Microsoft cuts BPOS price to squeeze Lotus

IBM's Lotus unit, rather than Google, was the main target of Microsoft's price cuts to its online email and collaboration suite this week. But MS execs still happily turned their fire on Google in media briefings.
Written by Phil Wainewright, Contributor

While most observers portray Microsoft's sortie into online email and collaboration services as a titanic battle to keep Google off its productivity applications turf, the real target of this week's price reductions is IBM's Lotus unit. In a briefing earlier this week, Ron Markezich, corporate VP, Microsoft Online Services told me that most of his team's customer wins are at the expense of the IBM division: "Seventy-five percent of our enterprise customers are coming from a non-Microsoft platform — predominantly [Lotus] Notes."

The half-price reduction for hosted Exchange seats (from $10 to $5 per month) and a one-third cut in the cost of the full BPOS suite (from $15 to $10) is designed to keep those deals flowing through. IBM earlier this year introduced its own hosted LotusLive iNotes service at an aggressive $36 per user per year. Microsoft's old pricing was at a level destined to give prospects pause for thought. At $60 per year, it's close enough to raise fewer objections. The lower pricing will surely help, too, in those cases where Google's $50-a-year service is the competition.

Interestingly, we now have a market price established for online corporate email services in the $35 to $60 per year range (indicative of a new price range for all categories of enterprise software?). As Microsoft VP Chris Capossela told CNET's Ina Fried, "it's the price that customers are really excited to buy our suite at ... We're pretty excited about the price and not so much focused on free services or the price Google or others might charge." You bet.
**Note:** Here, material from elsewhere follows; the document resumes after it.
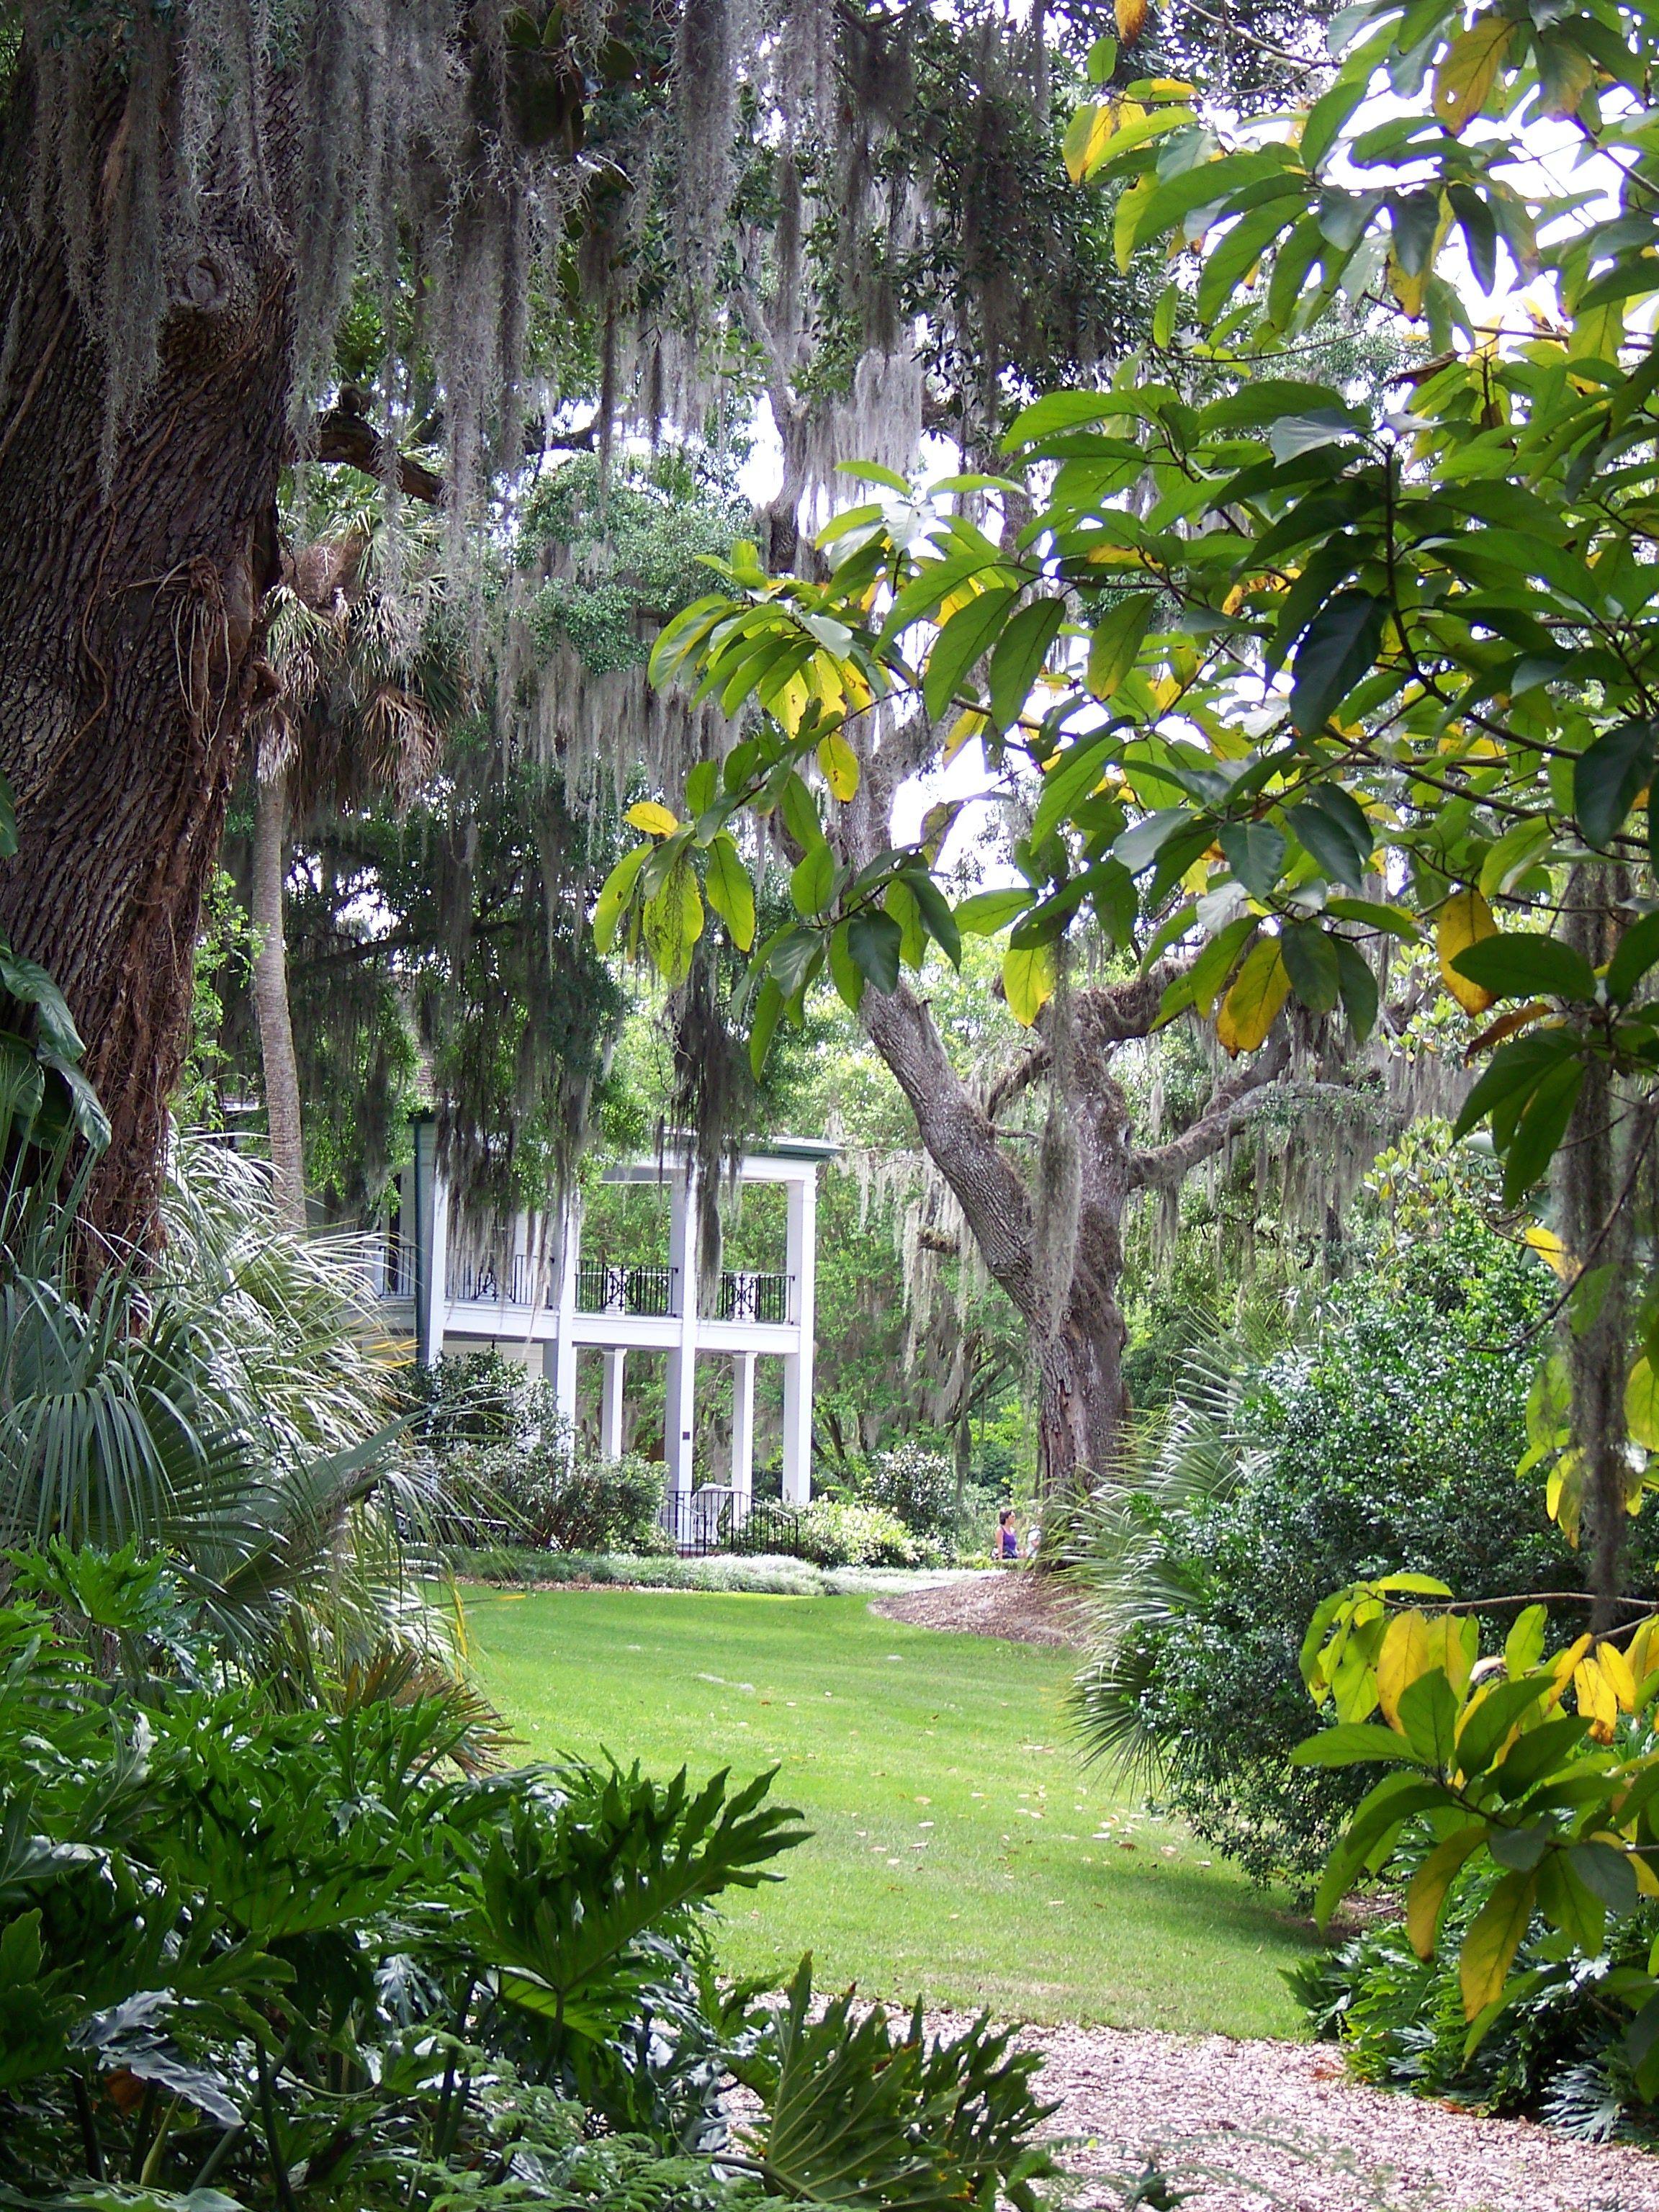 Harry Leu Gardens. Call Ahead Regarding Photo Policies And Availability.

Microsoft execs were happy enough to focus on Google when it came to throwing brickbats this week. Every briefing seems to have included a drive-by shooting directed at Google. "It takes more than a few billboards to win enterprise accounts," Markezich told me, in a reference to his rival's current 'Going Google' ad campaign. "There's been a lot of investment in billboards. I question how much investment there's been in enterprise capabilities."

There's also been a concerted effort to question the size of Google's paying customer base. While Gmail is hitting the volume mass market, Microsoft currently has the edge in large enterprise accounts. Google spent a lot of PR dollars to promote its recent win of a 35,000-seat account at Rentokil Initial, along with its 30,000-seat contract with City of Los Angeles. Microsoft Online Services is currently scoring much larger wins, including a 110,000-seat implementation at pharma giant GSK, a "large number" of which are already deployed, Markezich told me. He also disclosed the existence of a much larger, as yet unnamed customer, currently "in the midst of deployment" to more than 300,000 users.